The SEC complaint against Rajaratnam alleges he asked the informant if she had inside information about any public company. The witness promised to get access to information on Polycom Inc., a Pleasanton, California-based maker of videoconferencing systems. The two traded shares of Polycom many times, as well as shares of Google Inc. and Hilton Hotels Corp. where the informant got inside information, according to the complaint.
Intel Capital
Rajaratnam received tips on Intel, the world’s biggest chipmaker, from Rajiv Goel, director of strategic investments at its Intel Capital unit, according to the SEC.
SEC spokesman Kevin Callahan, Galleon spokesman Dan Gagnier and Janice Oh, a spokeswoman for the U.S. attorney’s office in Manhattan, declined to comment.
Defense lawyers whose clients are recorded on wiretaps typically try to discredit the testimony of cooperating witnesses, according to Nathaniel Burney, a former Manhattan prosecutor who is now in private practice.
“Informants are usually people who are already in trouble,” said Burney, author of a continuing legal education lecture titled “Hope for Hopeless Cases: Defending Wiretaps and Tape Recordings.”
A good defense lawyer will try to convince jurors that the cooperating witness manipulated the defendant to make him seem guilty, Burney said.
‘Get Someone Else’
“The only thing they can do to help themselves is to get someone else in trouble,” he said.
Besides what court documents show about Khan seeking leniency from prosecutors for her cooperation, she’s also been a defendant in at least two civil cases.
In a lawsuit settled last month, a housekeeper for Khan and her husband said they had violated minimum wage laws. The lawsuit was settled after a judge said that Roomy and Sakhawat Khan had fabricated evidence.
In March 2008, the Khans’ maid, Vilma Serralta, 69, sued the couple for denying her “lawful wages,” according to a complaint filed in U.S. District Court in the Northern District of California.
In the four years Serralta worked for the Khans as a live- in maid, she was paid between $1,000 and $1,300 a month, for 14- hour days that involved cleaning their 9,000 square-foot house, providing childcare and cooking, according to the complaint.

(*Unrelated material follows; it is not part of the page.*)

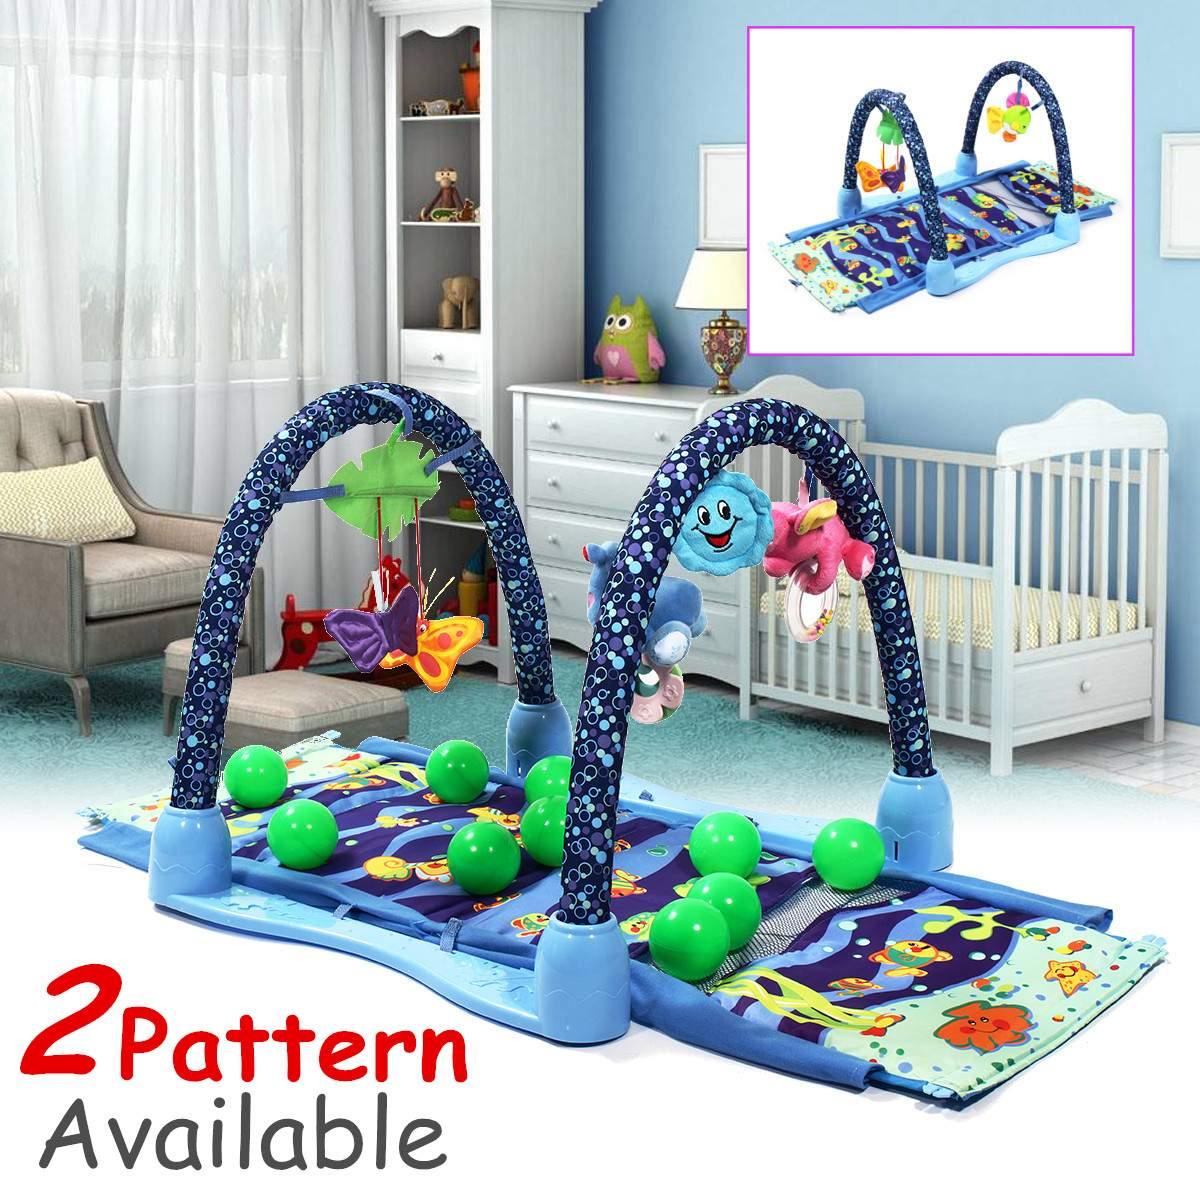 Tapis de jeu pour bébé tapis pour enfants tapis de Puzzle éducatif précoce tapis de jeu pour animaux de bande dessinée tapis de sport pour bébé
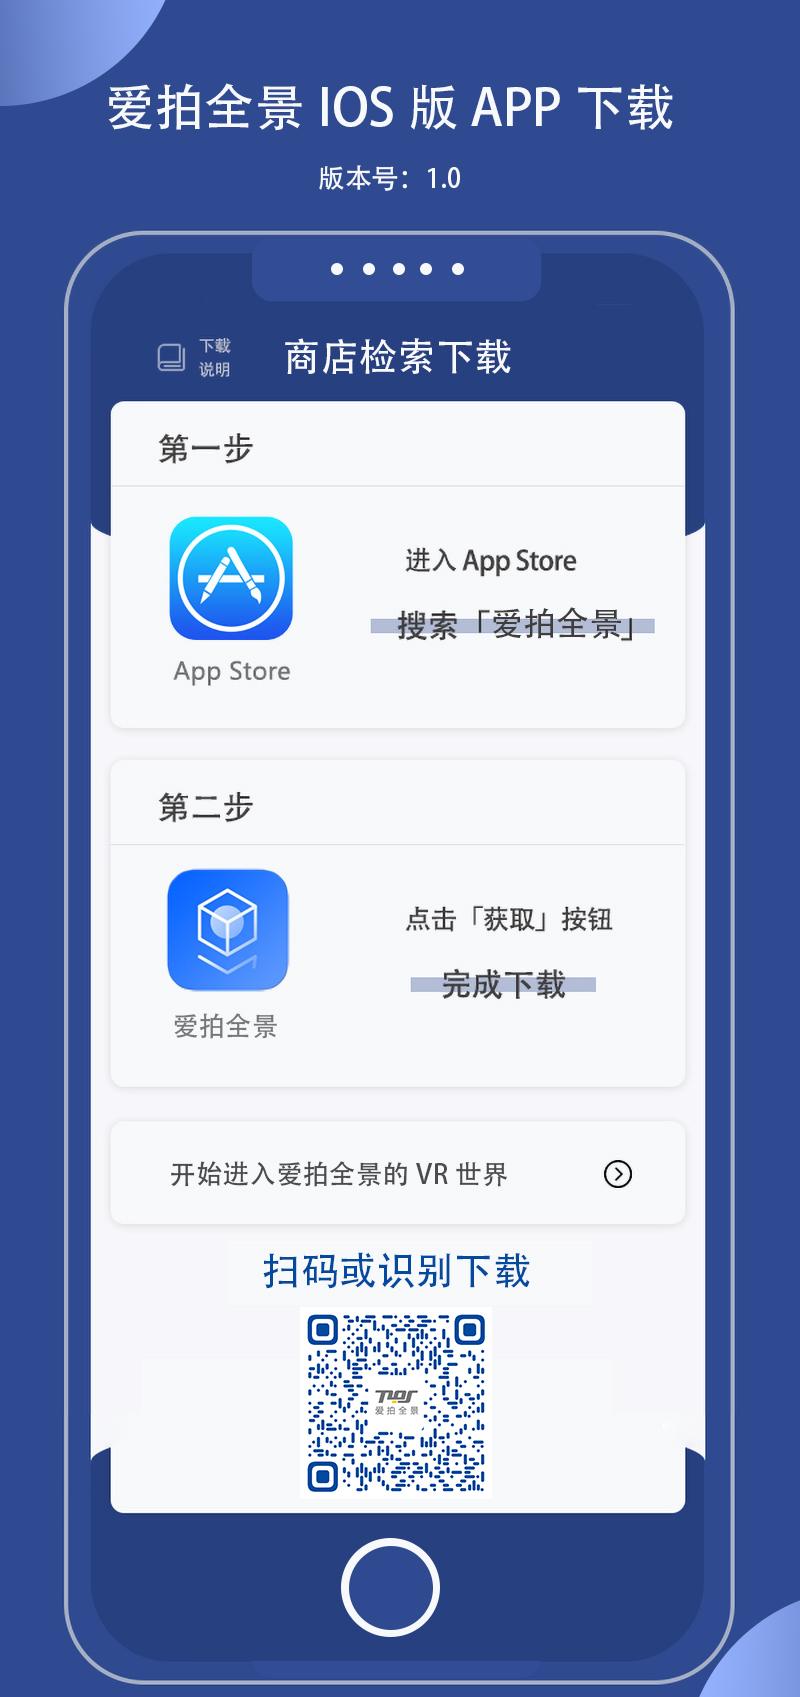 app下载封面.jpg

That’s roughly $3 an hour.
Khan and her husband were also sued in 2005 in New York by Deutsche Bank AG, Germany’s biggest bank, for failing to repay a promissory note. They were ordered to pay $103,750, according to a settlement filed in New York Supreme Court.
Home Hedge Fund
Khan, 50, was a portfolio manager at a stock hedge fund run out of the couple’s home, said a person who knows Khan. She and her husband bought the house in Atherton, California, the richest town in Silicon Valley, for $10.5 million in January 2000, according to Zillow.com.
That same year, Silicon Storage Technology Inc. acquired Agate Semiconductor Inc., a company where Khan’s husband was president. Telephone calls trying to reach Sakhawat Khan through Silicon Storage weren’t answered.
The Khans sold the Atherton house in May for $9.4 million, according to Zillow.com. A new address and phone number weren’t available.
Junior Analyst
A key tip in the Rajaratnam case started with a junior analyst at Moody’s Investors Service, the Wall Street Journal reported yesterday.
The former analyst, Deep Shah, denied that he passed on any confidential information about Blackstone Group’s takeover of Hilton Hotels, which was cited in the Justice Department’s complaint, in exchange for money, the newspaper said.
Rajaratnam, who was born in Sri Lanka, was sued in New Jersey federal court today by a group of more than 30 victims and survivors of attacks by the Tamil Tigers, a separatist group. The victims claim Rajaratnam and his family foundation gave millions of dollars to the Tamil Relief Organization, which the U.S. Treasury Department in 2007 said was a front for the Tamil Tigers, designated by the U.S. as a terrorist organization.